An estimated 50,000 supporters waited at Grand Parade, and some grew impatient as Mandela arrived five hours later than expected at City Hall, where he made his first speech as a free man.
Tempers flared under the blazing summer sun, and some people at the back of the crowd began looting shops and vendors. Police responded with teargas and rubber bullets.
“When we got bored, we went to the back of the crowd to taunt and throw stones at the police,” Mr Cassiem said.
Meanwhile, journalists prepared for the worst.
“There was a mini riot at the back of the Grand Parade at the same time, and you had that tension that you didn’t know whether this incredible event would at any point go wrong and that this man who has spent so many years in prison was actually going to be assassinated,” Clay said.
“We all had that at the back of our minds,” she said.
Mr Allan Boesak, leader of the anti-apartheid United Democratic Front, helped calm the crowd before Mandela arrived.
What kind of person
“People were curious to see how he looked after 27 years and what kind of a person would appear before them,” he said.
“By seeing Mr Mandela with their own eyes, people felt freedom was now tangible.

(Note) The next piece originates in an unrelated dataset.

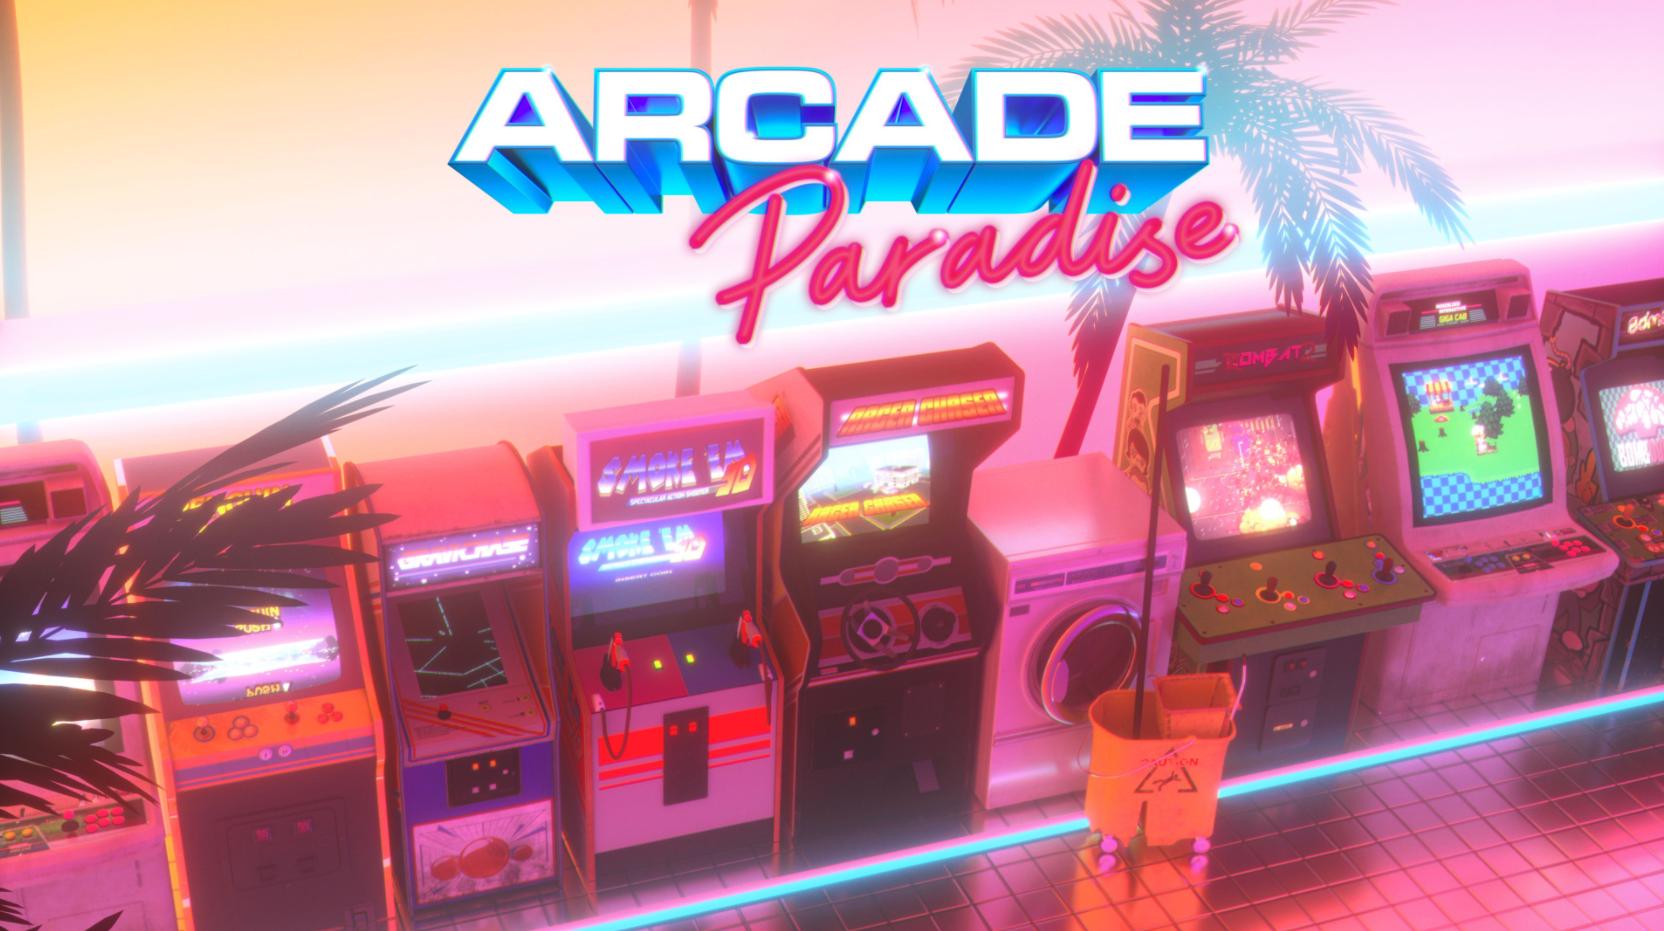 arcade-paradise-ps5-ps4-news-reviews-videos

They could feel and smell it.
“That day was a turning point. It was more of a defining moment signalling the end of white minority rule.”
When Mandela finally arrived and stood on the balcony of City Hall, the crowd erupted in song and dance.
“I can’t remember a word he said. I think I was in awe of just seeing this great person and also just realising that I am part of a big moment in world history,” Cassiem said.
Archbishop Desmond Tutu, a leading anti-apartheid activist, said he was in Johannesburg on the morning of Mandela’s release conducting a baptism for one of his grandchildren.
“Although I firmly believed that Nelson Mandela would be released from prison at some point, I was not certain whether that would happen in my lifetime,” he told AFP.
He hitched a lift on a private plane to Cape Town as soon as he could.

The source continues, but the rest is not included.